Edit - They are being transfered correctly and are being showed in the correct directory by using ftp software. So I've no idea whats going wrong.


----------



## Skie (Mar 15, 2003)

If you're being hosted on a Linux server, then pay attention to the upper/lower casing of the filenames as well as the folder names. The URL http://www.example.com/test is completely different from the URL http://www.example.com/TEST which is completely different from the URL http://www.example.com/TeSt.

Also, make sure that the permissions are set properly (everyone needs to have Read access to the files and folders).


----------



## Volt-Schwibe (Jan 12, 2003)

Skie said:


> If you're being hosted on a Linux server, then pay attention to the upper/lower casing of the filenames as well as the folder names.
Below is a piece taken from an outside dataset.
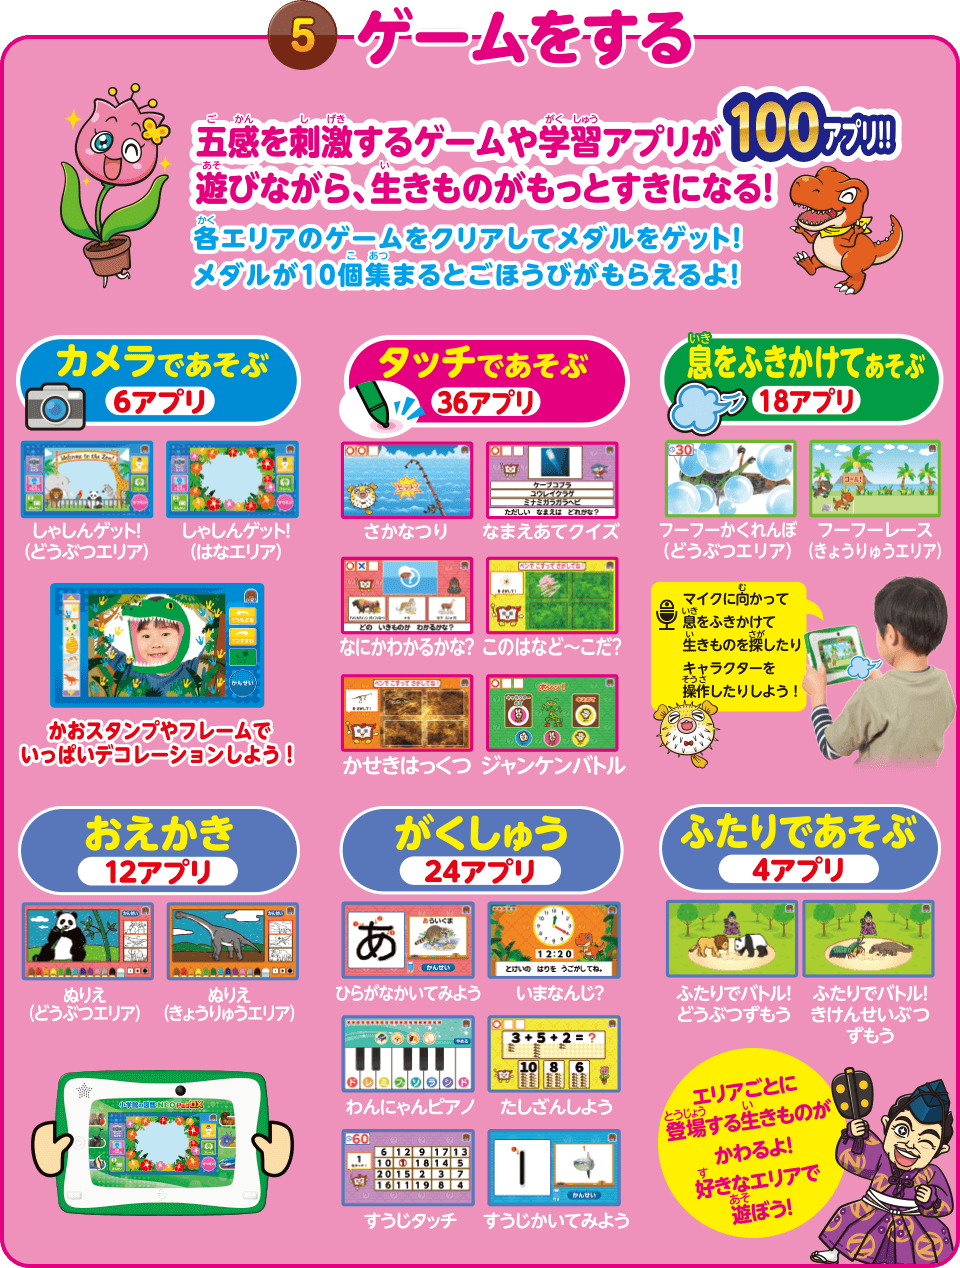 グッチ 新品☆ 小学館の図鑑　NEO Pad DX 知育玩具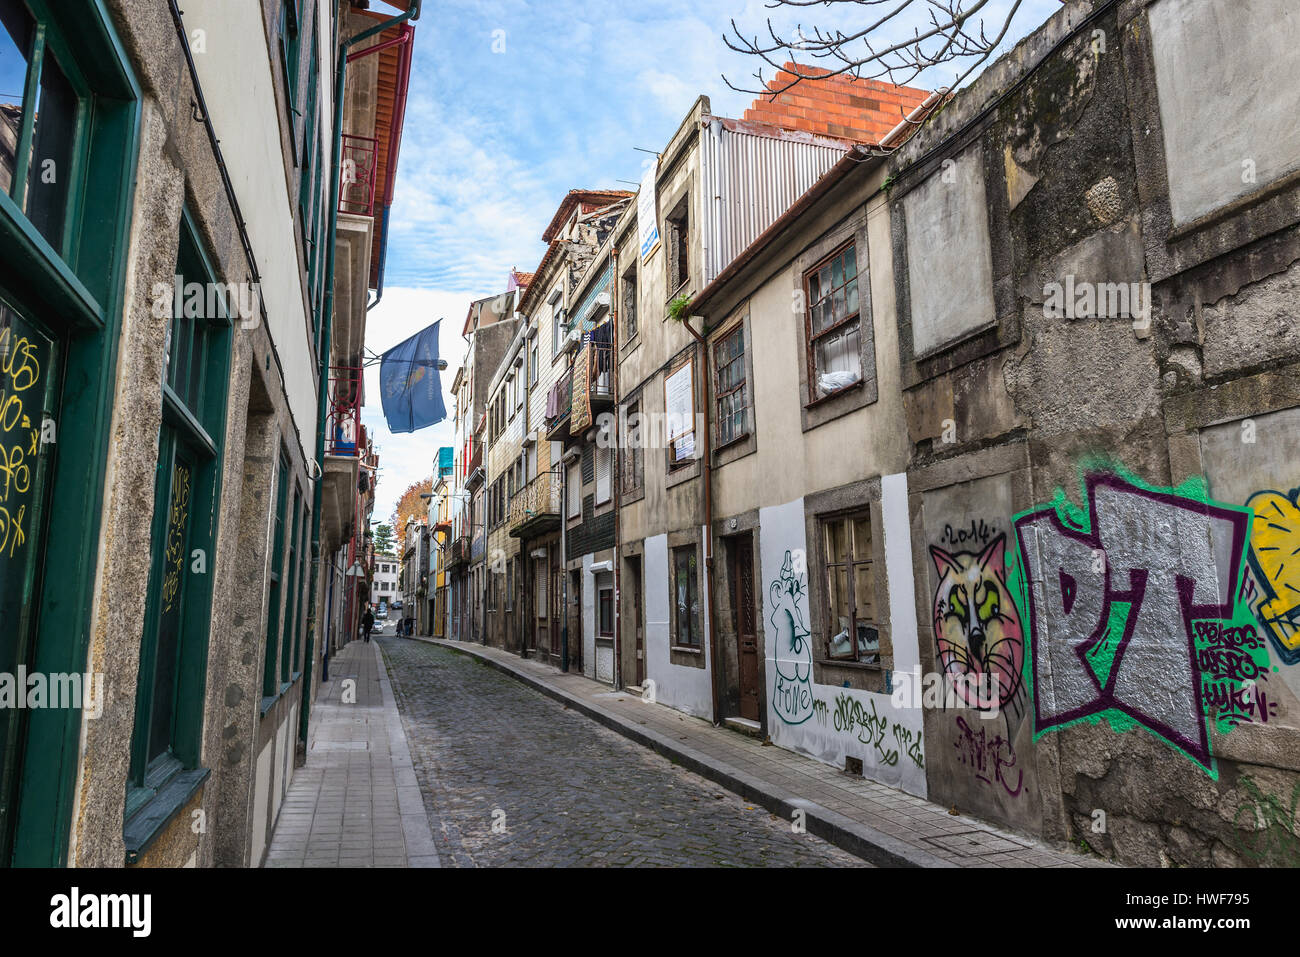 Maisons de la vieille ville sur une rue étroite Rua do Pinheiro (Pine Tree Street) dans la ville de Porto sur la péninsule ibérique, deuxième plus grande ville du Portugal Banque D'Images

The URL http://www.example.com/test is completely different from the URL http://www.example.com/TEST which is completely different from the URL http://www.example.com/TeSt.
> 
> Also, make sure that the permissions are set properly (everyone needs to have Read access to the files and folders).


i am so embarassed that i didn't mention that.


----------



## Skie (Mar 15, 2003)

Volt-Schwibe said:


> i am so embarassed that i didn't mention that.


Don't let it happen again. :4-thatsba 


:tongue:


----------